Keywords: Re-enactment, re-enactors, medieval faires, renaissance faires, battle re-enactors, role players, blog post
Confessions of a weekend wool-wearer
I’m watching the last wisps of last night’s woodsmoke play with dust and frozen breath in the shafts of sunlight bisecting the house. I woke up a lot overnight. There was water falling through the thatch onto the floorboards by my face; little splashes tugging me awake but never for long enough to warrant shifting my bed out of the way. The smoke bothered my modern mind as well, a breeze reigniting some primal fear of fire. I can still hear the soft, slow breaths of the others and I’m hoping that someone else wakes up soon. I don’t want to be the one to open the door and let all that icy November air into our sheltered little nest.
The memory of that morning is so clear. Even ten years on I can feel breath-dampened wool on my cheek and a sort of hominess (nowadays someone might call it hygge) that I haven’t experienced anywhere else. Surrounded by sleeping friends on that freezing morning, having spent my first ever night as an Anglo-Saxon, I didn’t want to be anywhere else. A big part of my admissions interview for University revolved around a discussion of the merits of re-enactment, and i’ve been thinking about that “why?” ever since.

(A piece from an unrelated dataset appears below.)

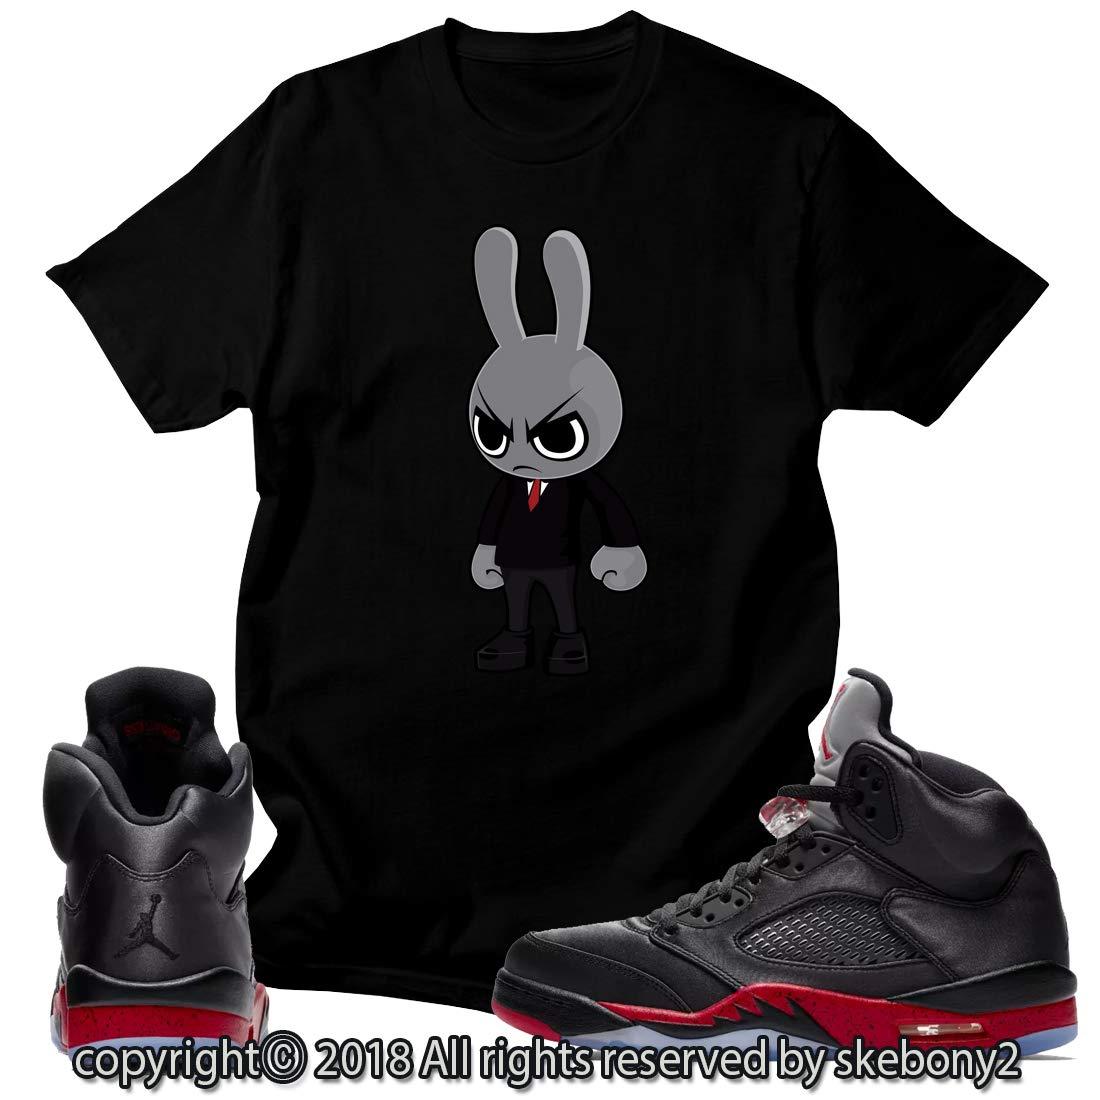 best loved 221f9 27cb6 Custom T Shirt Matching Style of Air Jordan 5 Retro Satin Bred JD 5-1-15-3  at Amazon Men s Clothing store

The relationship between academic communities and re-enactors is almost as complicated as that between archaeologists and detectorists, and there is surprisingly little overlap. In my opinion, it’s the academics who are missing out. Aside from being the most generous, grounded and passionate group of people i’ve ever had the pleasure of sleeping beside, re-enactors are often insanely knowledgeable. I would identify most of us as experimental archaeologists with a healthy respect for public engagement before answering to any kind of accusation of childhood regression.
On my sixteenth birthday I sailed a fresh coracle down the river Lark, being the lightest possible guinea pig. The way that the light hull responded to my body and the current made it far easier to manoeuvre than a kayak and I raced downstream unhindered by the rocks and eddies that make the shallow water so difficult to navigate. That journey, better than any lecture, seminar or book, gave me a perfect understanding of the way that watercourses connected rather than divided communities. The same thing will be said by any self-respecting medievalist, but without walking a mile in turnshoes, it is impossible to properly comprehend how liberating even the smallest stream would have been to the people living alongside it.
Experiments in ground-forging were similarly illuminating. The structure we built was perfect for the little decorative iron brackets we were using for a reconstruction of the Coddenham bed burial, but anything larger would have been impossible to work with. The shape of the opening too meant that bellows had to be held at an awkward angle, increasing the risk of sucking embers into the body. That experiment is the reason I have worn a little bit of charred pig skin round my neck for the last seven years. I was given it with the words: “You could be a great blacksmith one day”. They stuck with me, just like the pig-skin necklace, as a sort of escape plan, an assurance that somewhere there’s an anvil waiting for me. The thought of a hot forge deep in an ancient woodland keeps me warm through the dark nights of self-doubt that plague anyone trying to have original ideas.
I think that’s part of the primary value of re-enactment. It’s the emotive bit that captures imaginations and inspires people to ask questions of the past. For me, it forces me to remember that the people we study were real, whole people with preoccupations and inconsistencies. It makes me look for personalities and anomalies and it keeps me conscious of how supremely wrong it is to ever generalise. We can pretend that we work on cool logic, but the messiness of human lives demands creative interpretation. ‘Living’ a little bit of the theory helps me to see the holes in my knowledge, recognise where evidence is lacking or where the interpretation is too far-fetched.
Re-enactment (alongside documentaries and exhibitions) creates the public interest that funds our museums and research projects, and allows archaeological sites like Sutton Hoo, West Stow and Battle Abbey to reach out to wider audiences. As long as it’s presented as a dialogue between research, practice and the public, re-enactment can only add to our knowledge of the past. There are definitely problems with re-enactment, but I think no more than exist within academic communities. Misrepresentation is rife across museums, television programming and ‘medieval fayres’, but that’s the risk of sharing information. You can’t ever control how something is understood once it’s out in the world, and maybe we shouldn’t try. If people are interested and engaged, and willing to take on new knowledge- aren’t we doing our jobs?